- **Instructions for the task**
Because the copy must hold no pictures, return the data below with all of its words intact.

- **Dataset excerpt**
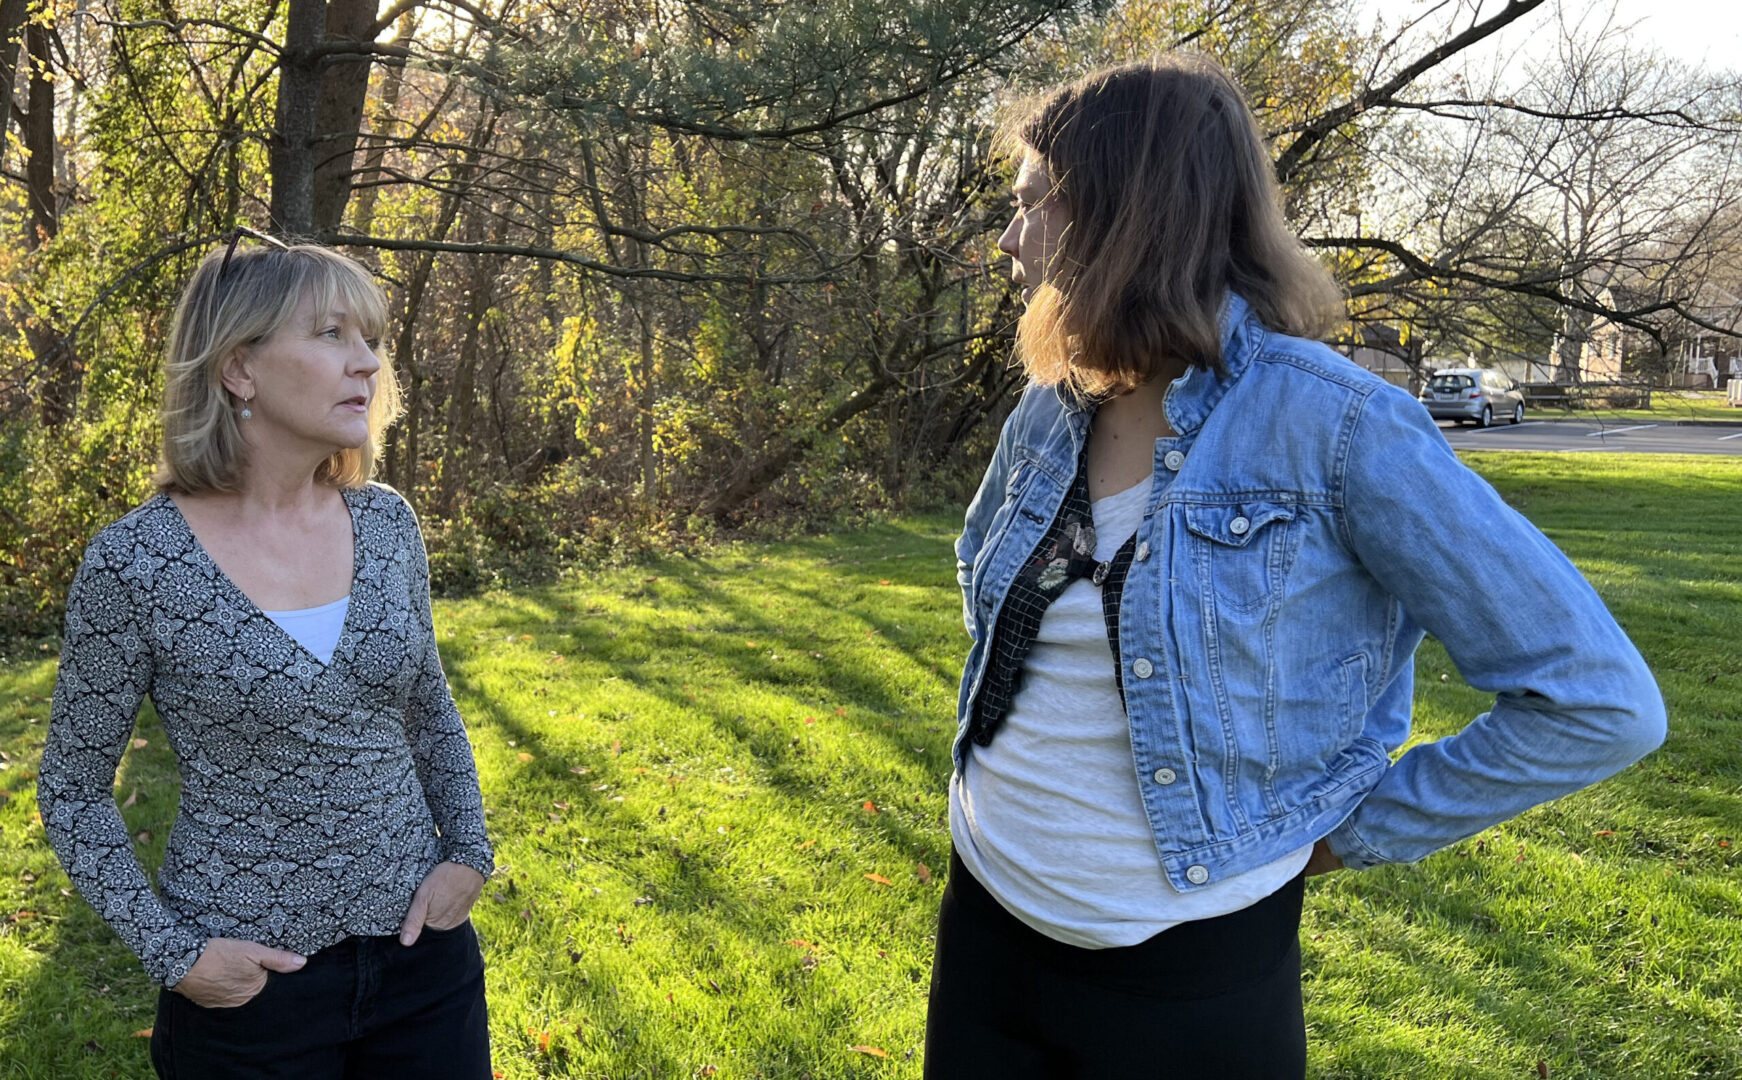 Martha Stringer, at left, talks with her daughter Kimberly Stringer, at right. The Stringers have filed a lawsuit against Bucks County Correctional Facility employees after Kimberly was pepper-sprayed and restrained while detained there while suffering from a mental health condition.
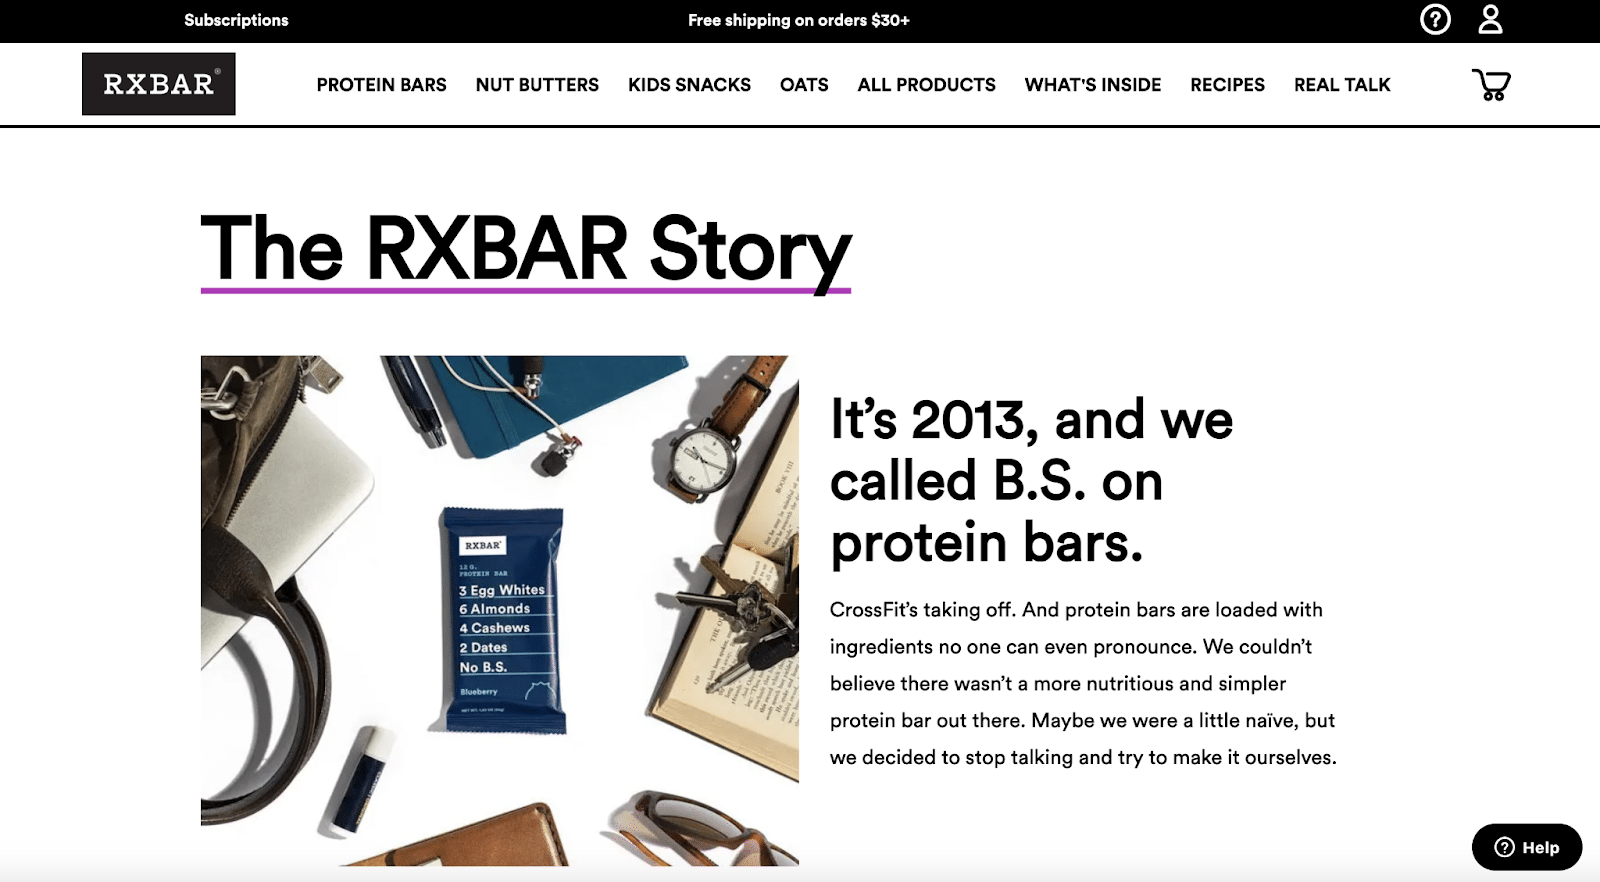 RXBAR shares the company story on its About Us page.
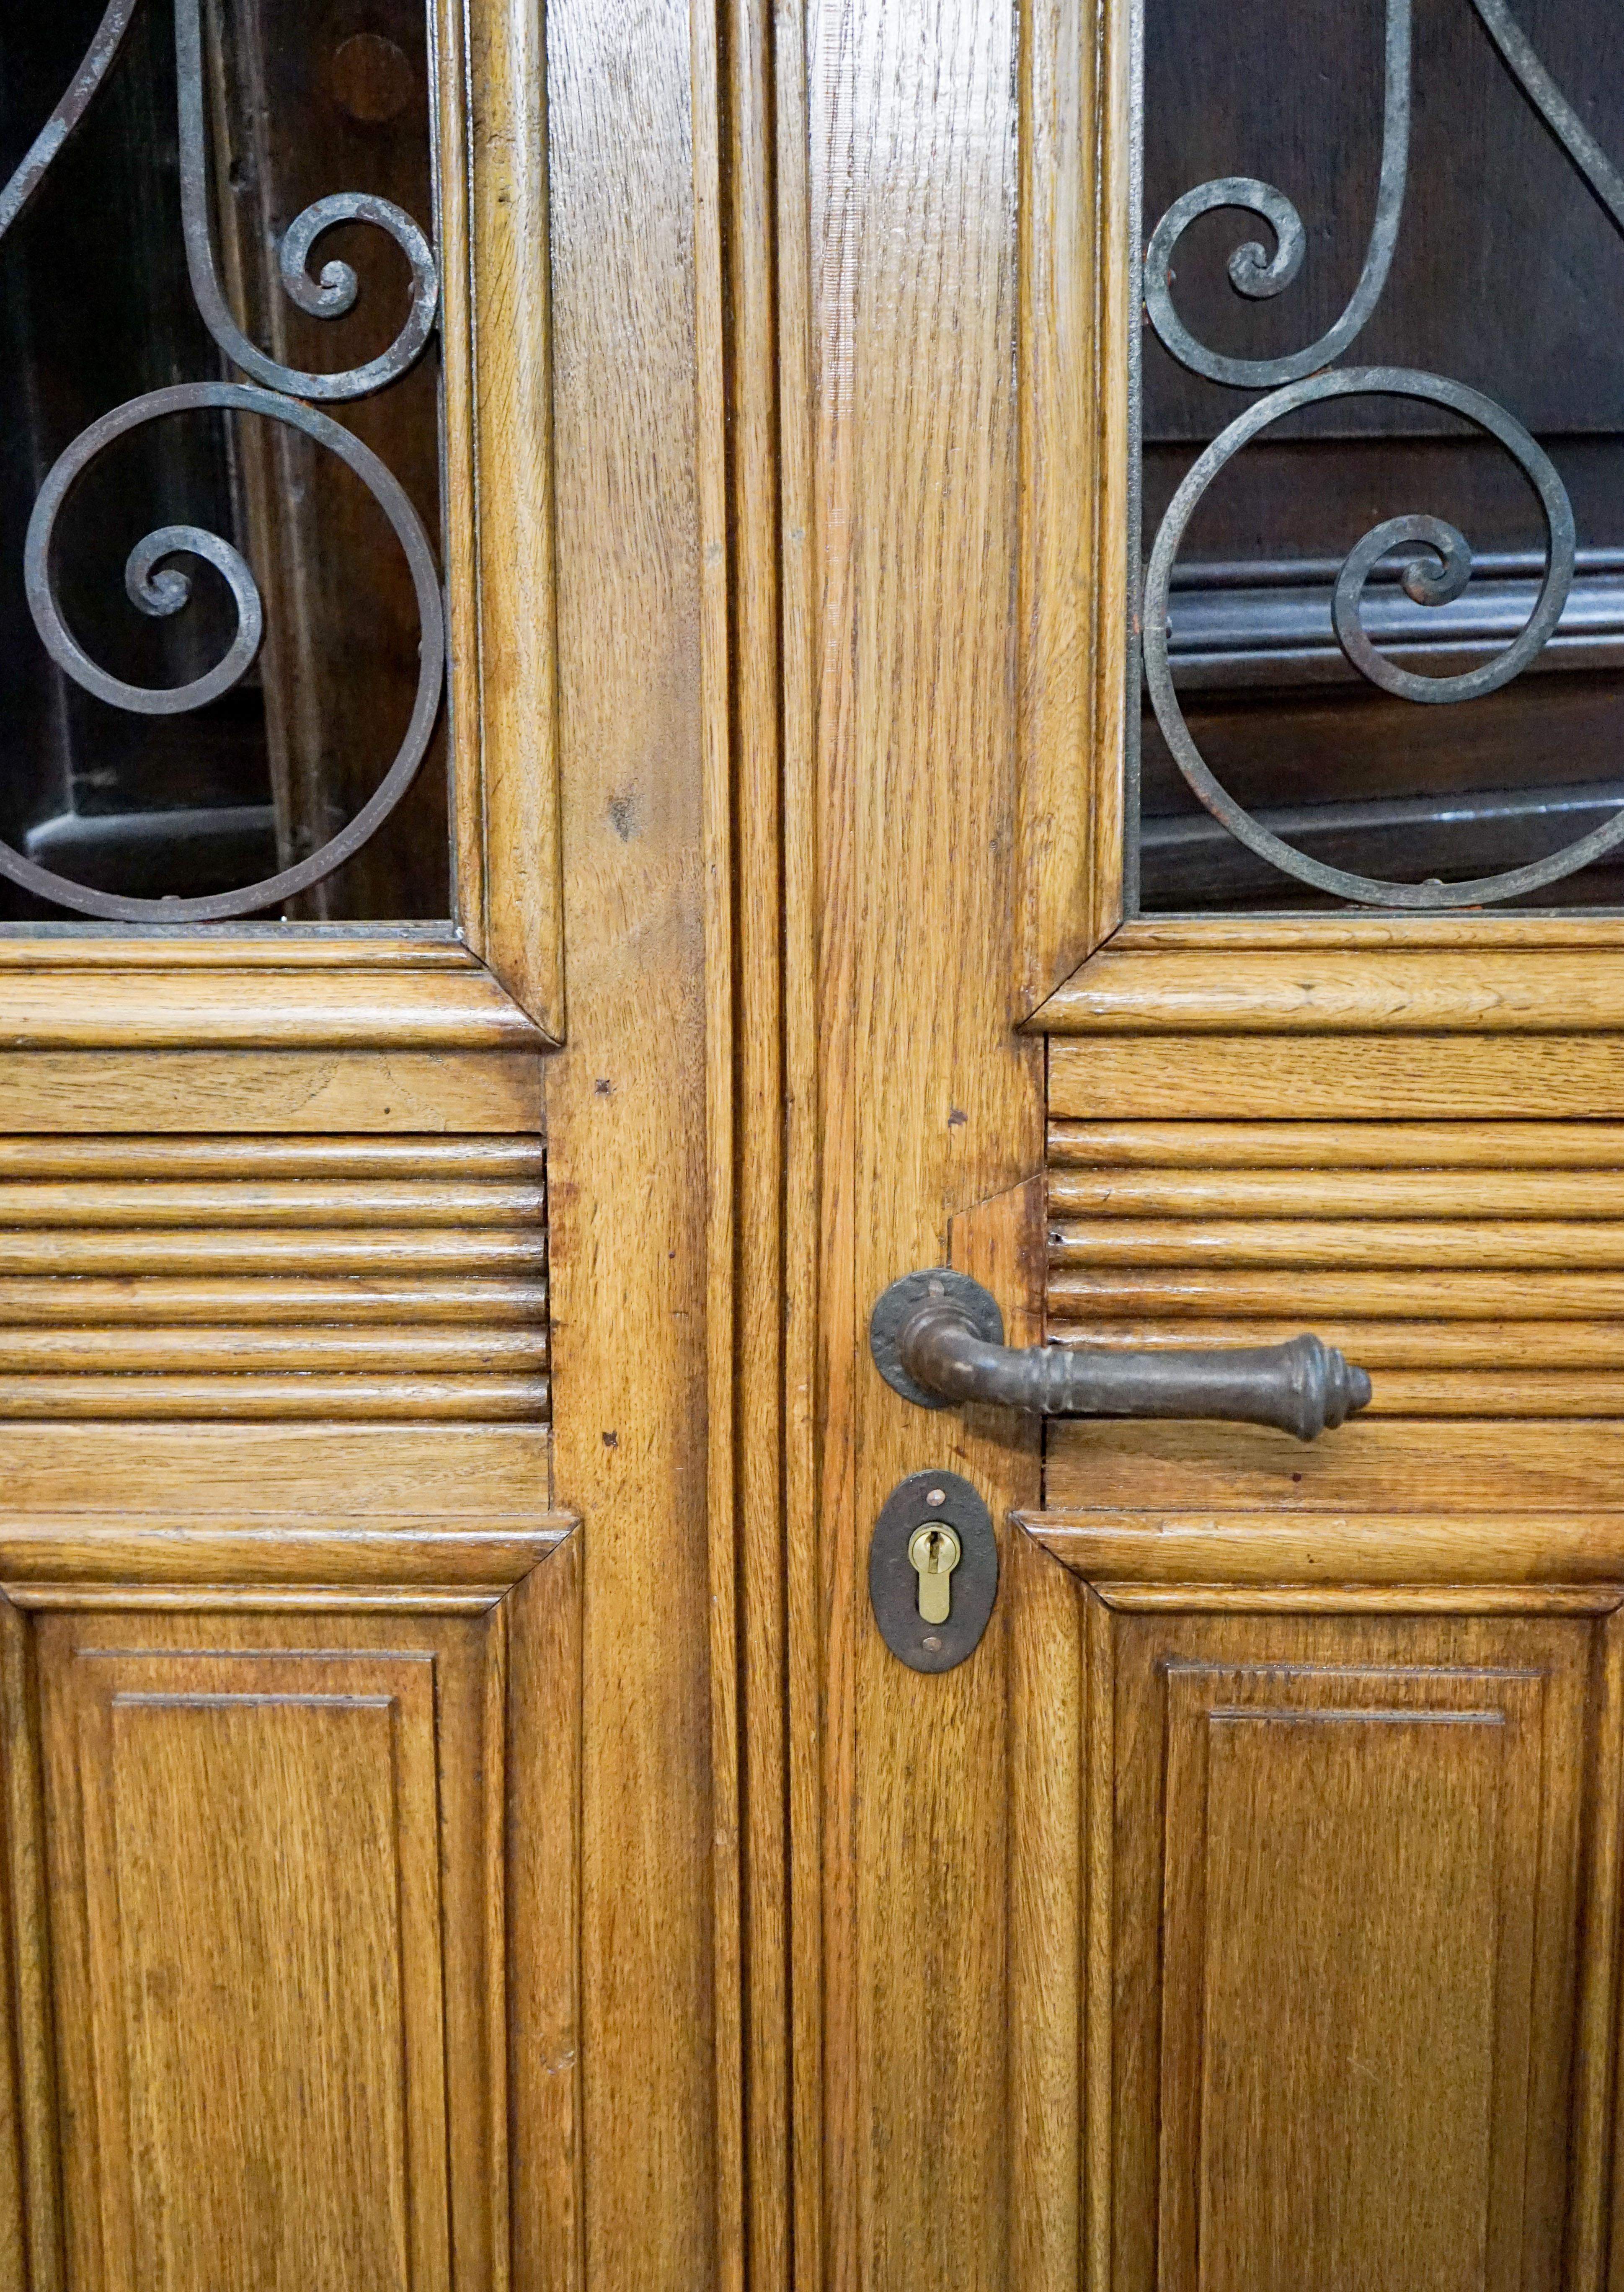 Antique double door from the Bordeaux region of France, circa 1890, made from oak with iron work windows. Ready for install with keys.
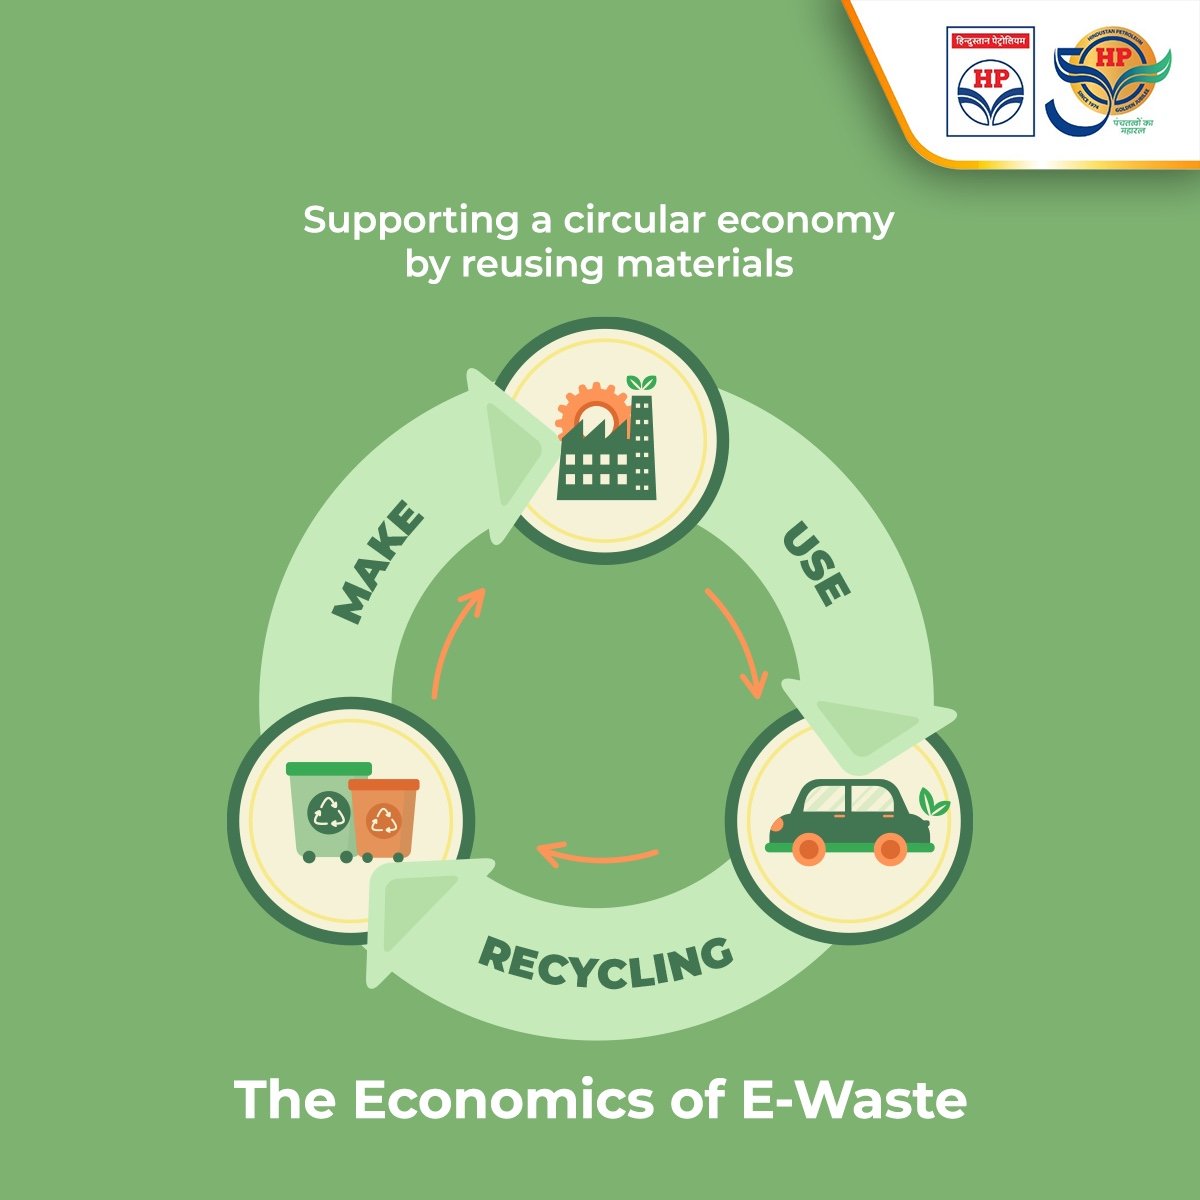 Waste electronic and electrical equipment, commonly termed E-waste, is one of the most complex environmental challenges facing the world due to the sheer volumes. However, recycling of e-waste has huge economic potential as the metals retrieved can be reused and saved from being

- **Answer space**
 Martha Stringer, at left, talks with her daughter Kimberly Stringer, at right. The Stringers have filed a lawsuit against Bucks County Correctional Facility employees after Kimberly was pepper-sprayed and restrained while detained there while suffering from a mental health condition.
 RXBAR shares the company story on its About Us page.
 Antique double door from the Bordeaux region of France, circa 1890, made from oak with iron work windows. Ready for install with keys.
 Waste electronic and electrical equipment, commonly termed E-waste, is one of the most complex environmental challenges facing the world due to the sheer volumes. However, recycling of e-waste has huge economic potential as the metals retrieved can be reused and saved from being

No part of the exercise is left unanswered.